Friday, October 5, 2007

Interview with Megan Spencer

Megan Spencer is the perfect poster girl for GenerationX. She reifies pop-culture as a deity, she explodes with awe for those who dedicate their life to the cultivation of an obsession and she finds poetic beauty in the seemingly mundane. “Pop culture replaced our god,” she laughs, without a hint of irony. “It replaced our children and our mortgages – for a while, anyway. And pop culture, in a sense, has replaced art. I don’t mean to sound like a philistine but I guess I find the most artistic gratification and profound poetic experiences usually through pop culture.”

Certainly, as Spencer herself admits, it takes a significant dose of “crazy one-eyed fandom” to centralise an entire career around a love of cinema, which is exactly what she’s done. In fact, Spencer has skipped through the entire spectrum of Australia’s film industry – as a reviewer for both radio and television, as the artistic director of Perth’s own Revelation Film Festival, and as a filmmaker in her own right, specialising in a raw, ‘guerrilla style’ portraiture.

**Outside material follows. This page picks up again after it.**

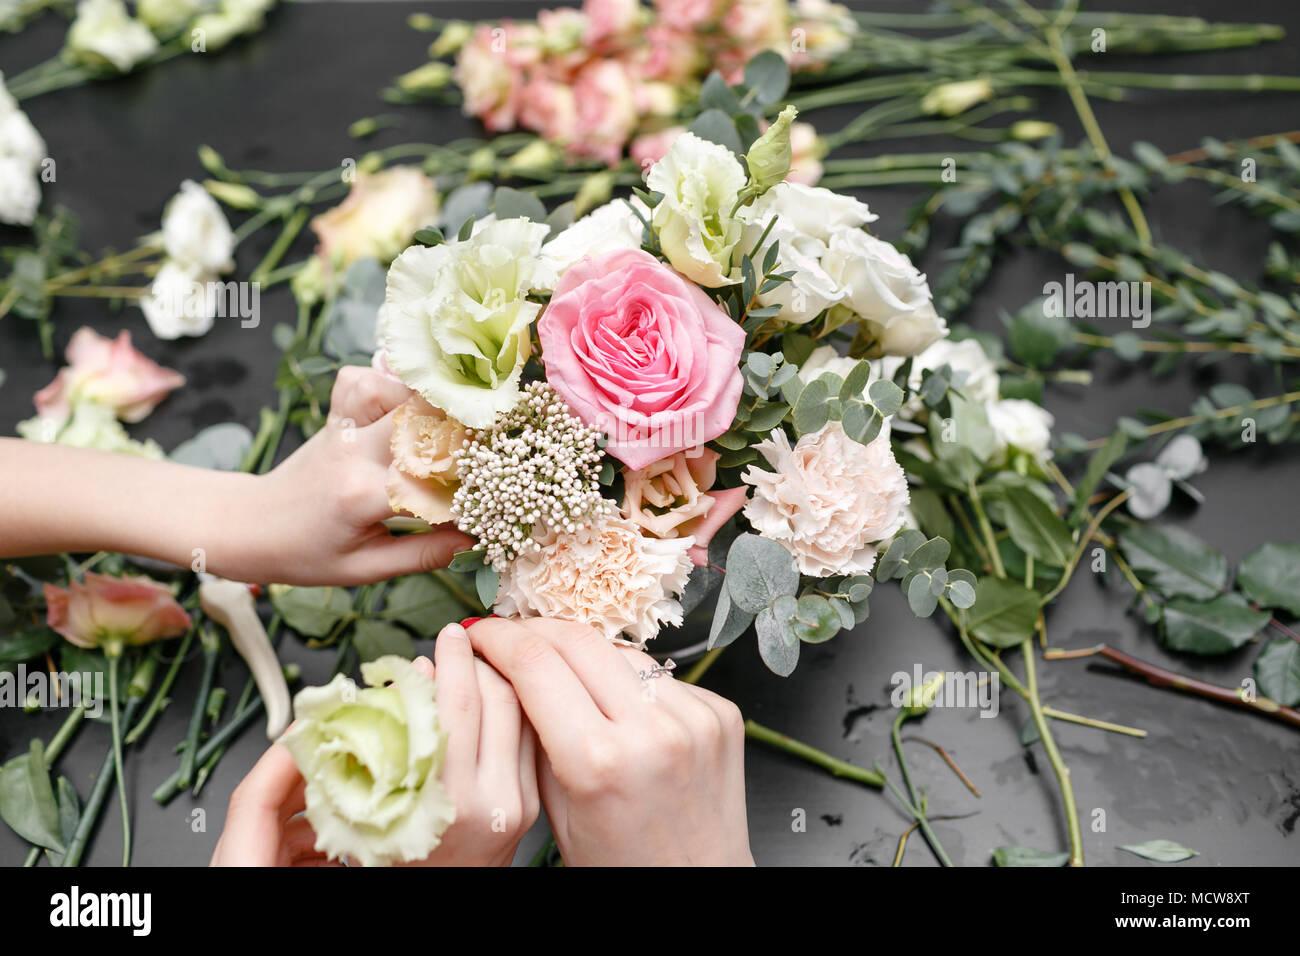 Master Class en hacer bouquets para niños. Ramo primaveral en metal maceta ornamental. Aprendizaje, haciendo arreglos florales hermosos ramilletes con tus propias manos Imagen De Stock

No prizes for guessing the kind of subjects that Spencer chooses for her own documentaries. So far, she has consistently focused upon exploring the lives of passionate, unique individuals devoted to their personal obsessions. From fanatical AFL supporters to professional dominatrixes, Spencer has no qualms about entering social spheres that are far removed from her own, and from the realities inhabited by most of her viewers. In her latest DVD release, Lovestruck: Wrestling’s #1 Fan, she tracks almost ten years in the life of Sue Chuster, Australia’s most devoted wrestling fan.


Chuster doesn’t fit the expected demographic of a wrestling fan, and yet she’s dedicated the last 35 years of her life to the sport, has travelled to America twice in hot pursuit of wrestling superstars, owns over 4000 wrestling DVDs and videos, and has plastered her house shift in a make-shift wallpaper composed of over 4000 wrestling photos. It would have been dangerously easy for Spencer to adopt a condescending or ridiculing perspective with this film, but instead she has injected it with a warm, heartfelt and emotionally sensitive tone.

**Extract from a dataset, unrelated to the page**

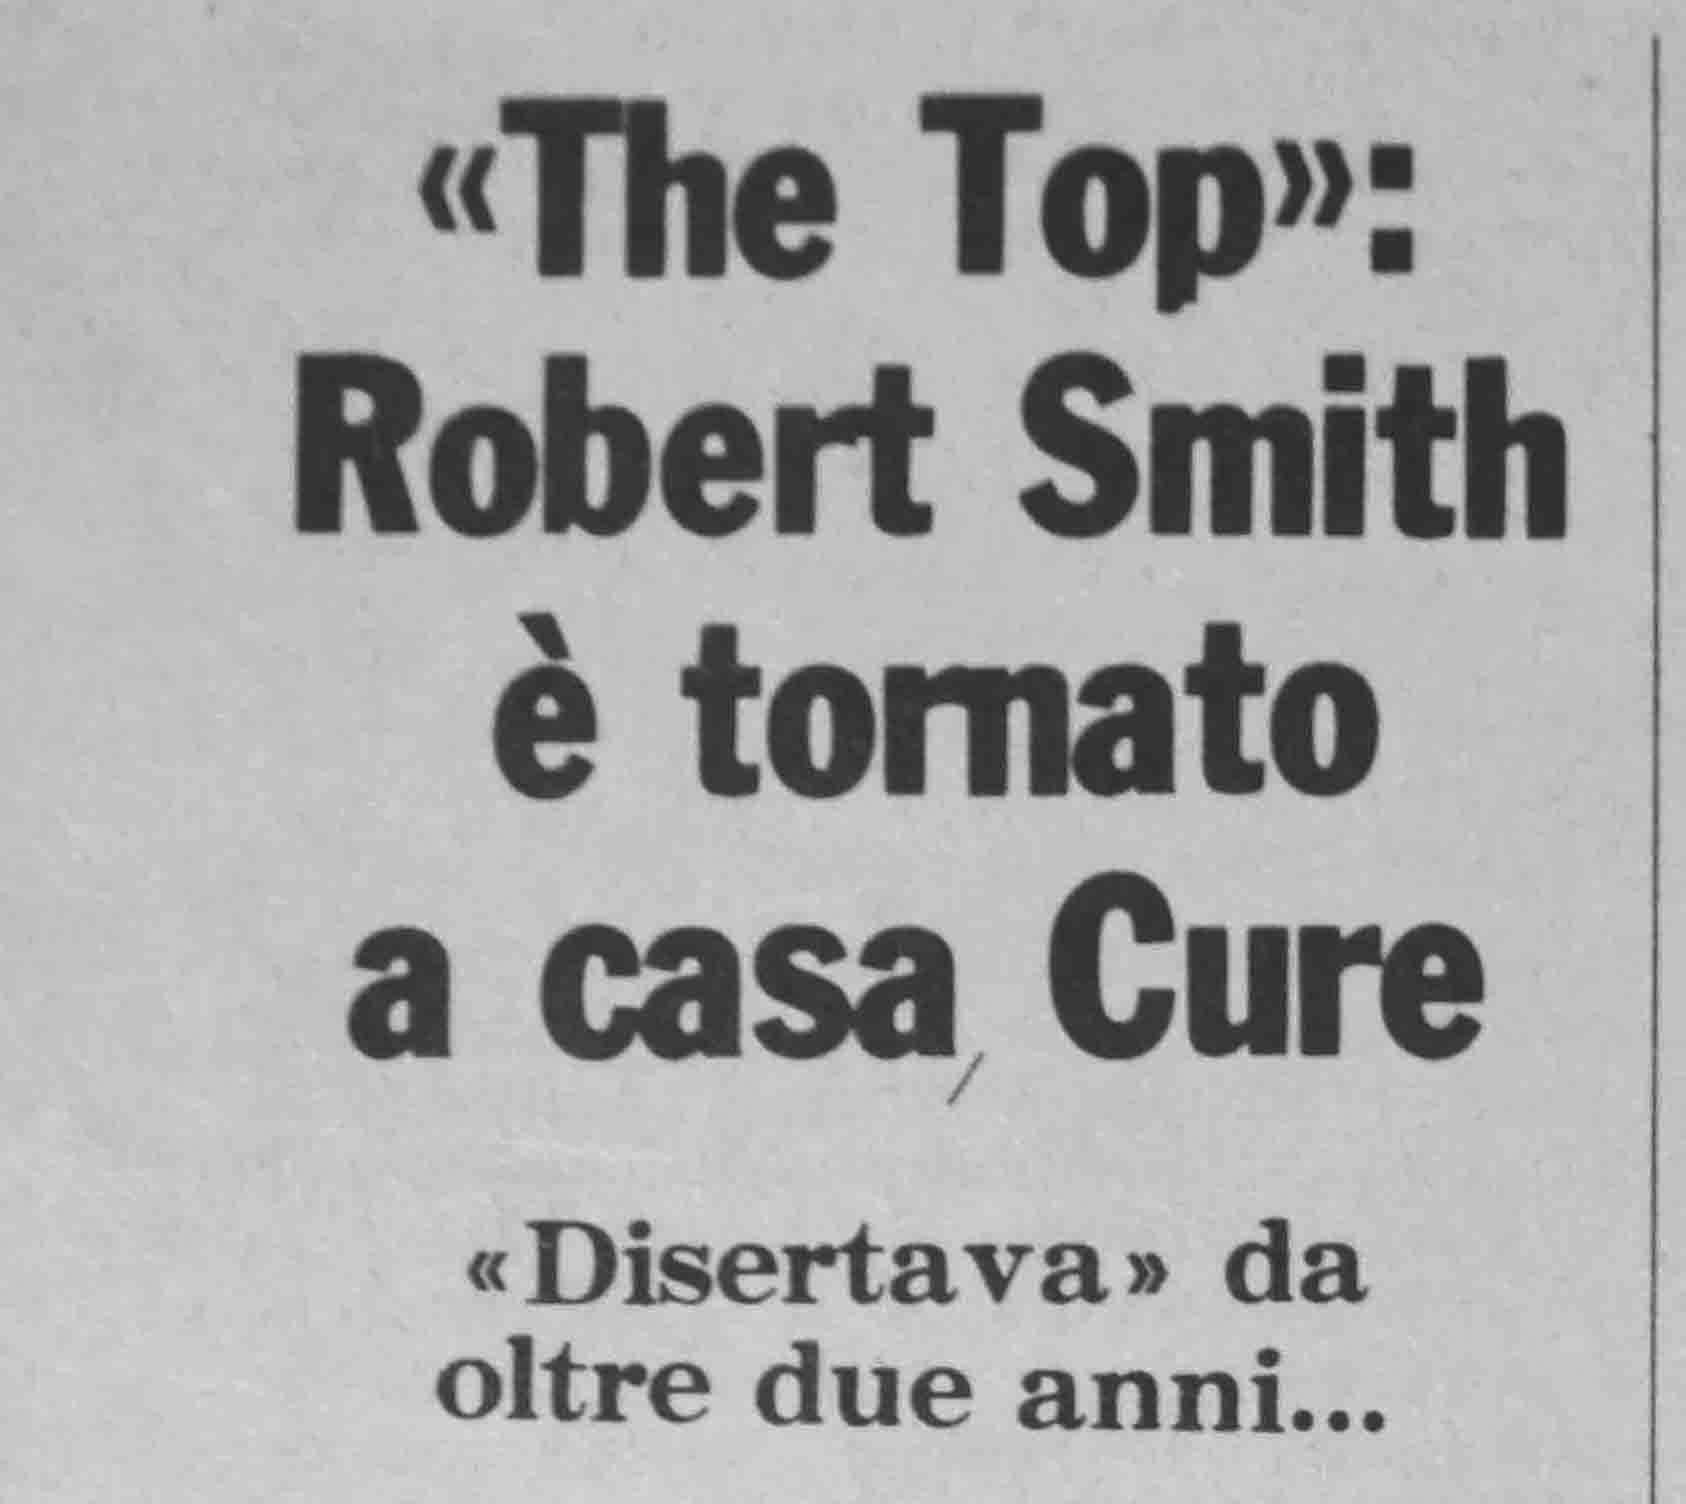 """27.06.1984. """"The Top"""" : Robert Smith è tornato a casa Cure"""

“If it was a superficial look at her, then it could have been become that, but that was never my intention. I wouldn’t want to make a superficial film about anyone. And I was determined to dig deeper with Sue and hang in there until that deeper reason presented itself. She is a bit more of an extreme figure… But I admire the way people can take something that is seen as banal or everyday or of no cultural value and turn into something that has enormous value, even if it’s just personally to them. I think those sorts of stories are really valuable and really entertaining and really reflective of who we might actually be.”

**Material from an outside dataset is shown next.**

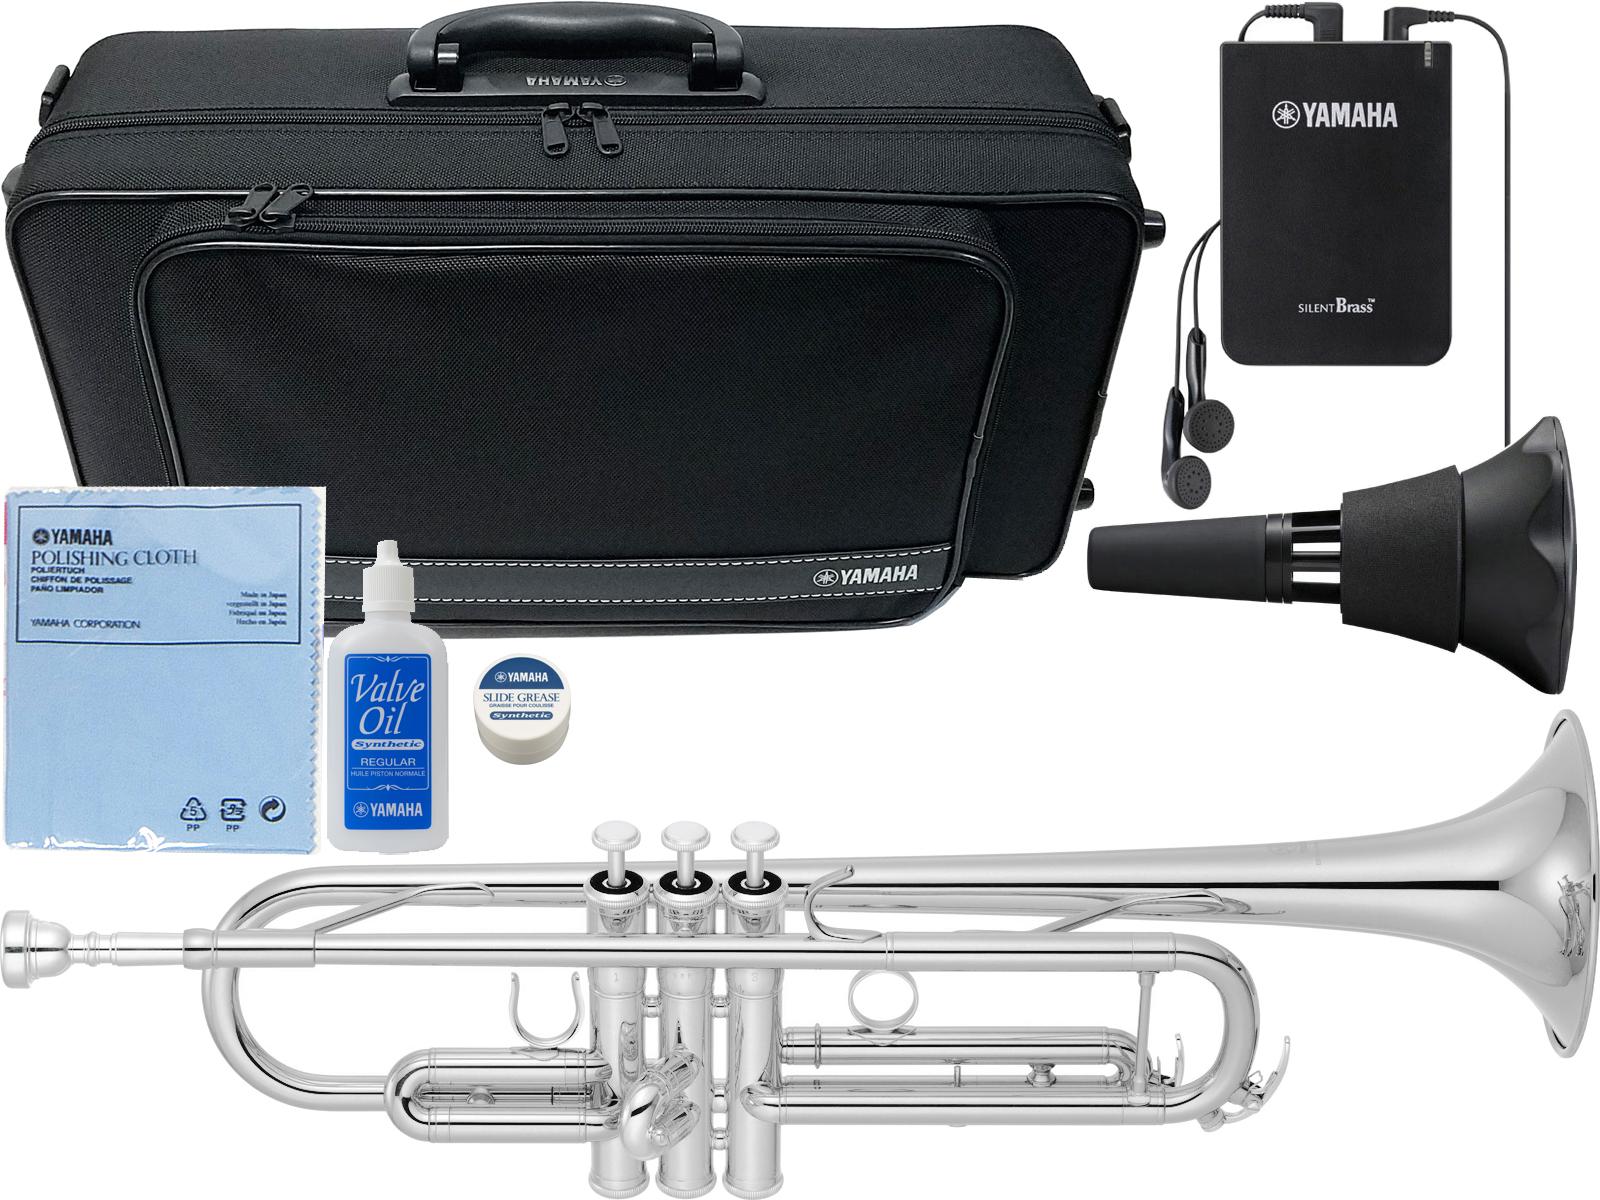 この価格在庫限り YAMAHA ( ヤマハ ) YTR-4335GS2 銀メッキ トランペット 新品 管楽器 本体 サイレントブラス SB7X trumpet YTR-4335GS-2 【 YTR-4335GSII セット C】 送料無料

Unfortunately, Spencer believes that the heartfelt honesty with which she represented Chuster is also the reason why she had so much trouble obtaining funding from broadcasters and public boards. In the end, Spencer was restricted to releasing her television-friendly fifty-minute film through DVD – a not entirely regrettable decision, because it did allow her the space to include over thirty minutes of special features.


“I think [broadcasters] are scared of real people, and of not presenting them in a controlled way,” she elaborates. “In parts of Lovestruck, sometimes the subject is making the film and I don’t put in any voice-overs telling you how to receive it or react. And I think we have a pretty generic, formulaic approach to television documentaries in this country. I am generalising [but many directors]… try to clean their films up, and they end up second guessing their audiences which is something I refuse to do and don’t need to do and don’t want to do, and if it keeps me on the margins then I’m happy to stay there.”